Objectives: Chronic granulomatous disease (CGD) is a rare inherited immunodeficiency. Affected children are mostly boys. The most common clinical features are recurrent bacterial and fungal infections starting at early childhood. We report 14 cases, including 5 girls, of CGD in Tunisian children.
Patients and methods: This retrospective study concerned 14 clinical observations of CGD recorded between April 1988 and December 1998. The diagnosis was established upon determination of a defective respiratory burst in the patients' neutrophils at the tetrazolium nitroblue test (NBT). In 4 cases, the diagnosis was also confirmed by chemiluminescence assay.

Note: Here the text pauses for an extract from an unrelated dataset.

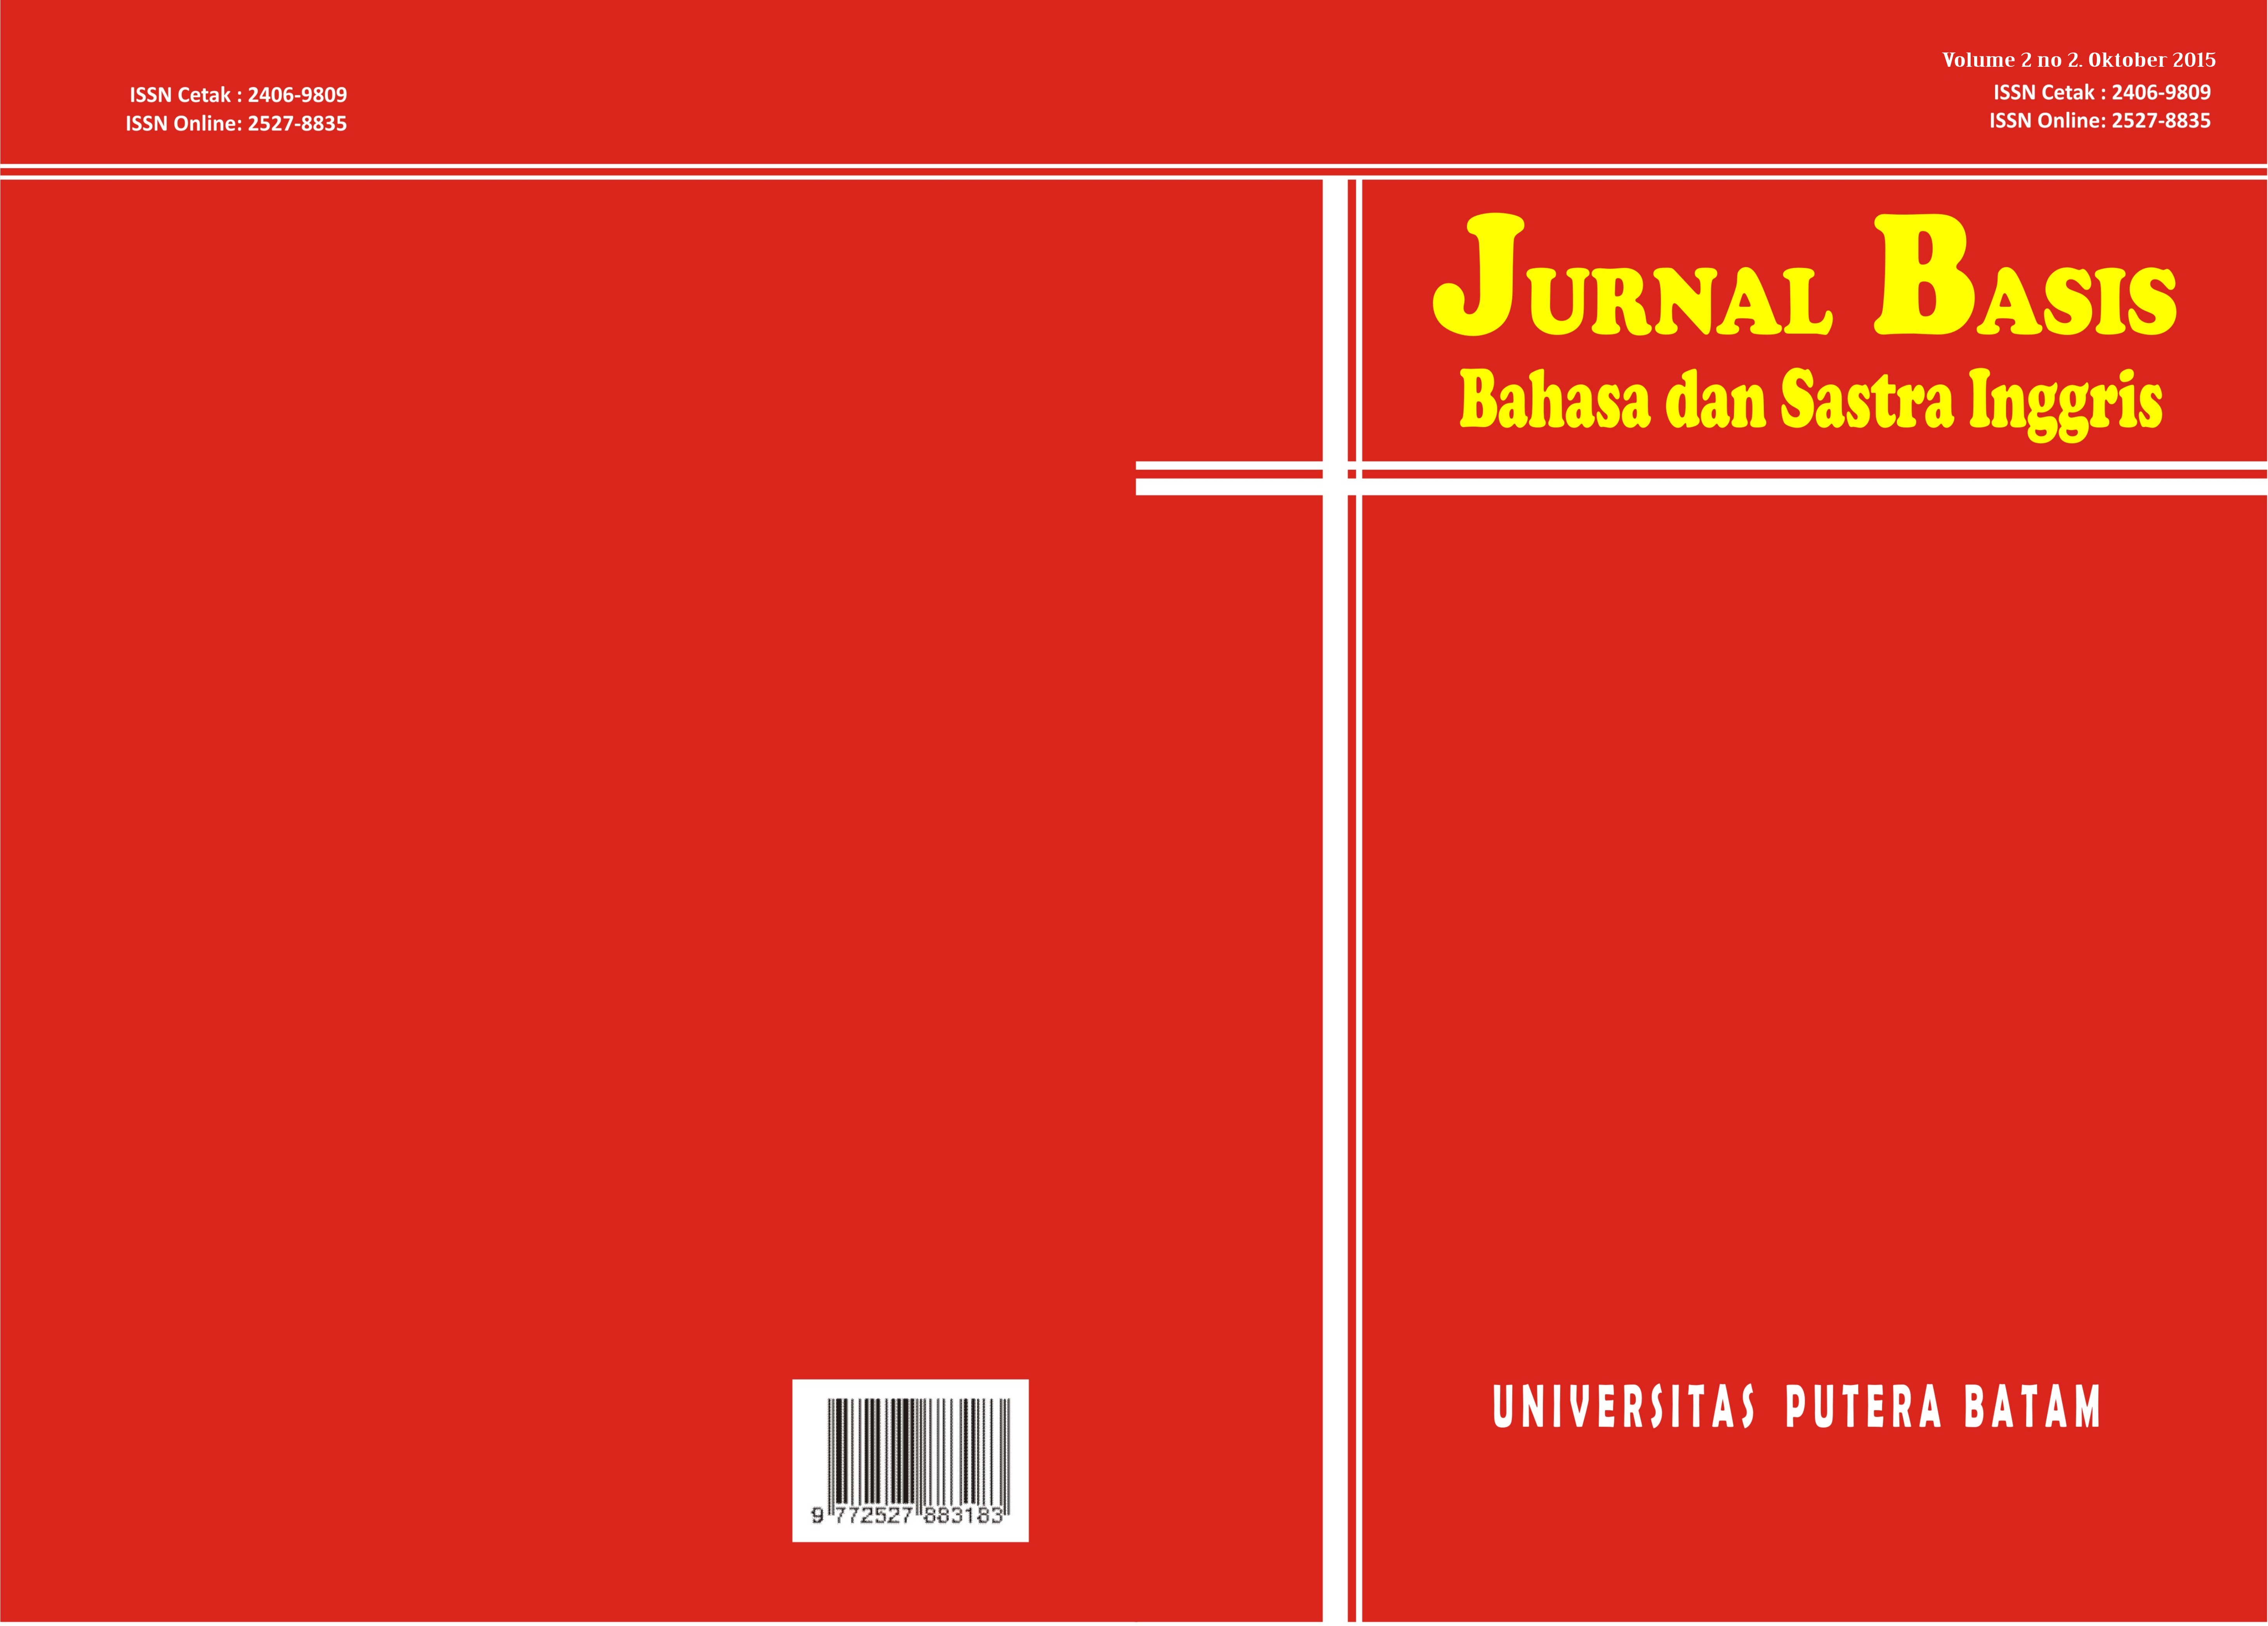 					View Vol. 2 No. 1 (2015): JURNAL BASIS UPB

Results: The patients (9 boys and 5 girls) belonged to 12 families, 75% of which were consanguineous. In 6 families, there had been several deaths in early childhood. The mean age at onset of clinical signs was 6.8 months (7 days to 24 months). Clinical signs included lung (10 cases), nodal (8 cases), skin (7 cases), and intestinal (7 cases) infections. Seven patients developed invasive pulmonary aspergillosis with parietal extension in 4 cases. Salmonella and Staphylococcus infections were rare in our series. Six children (42.8%) including 2 girls, died. Aspergillosis was fatal in 4 cases.
Conclusion: Recurrent infections are the main clinical fetus of chronic granulomatous disease. Prognosis has been improved by the use of prophylactic antibiotics. Early diagnosis of the disease is crucial.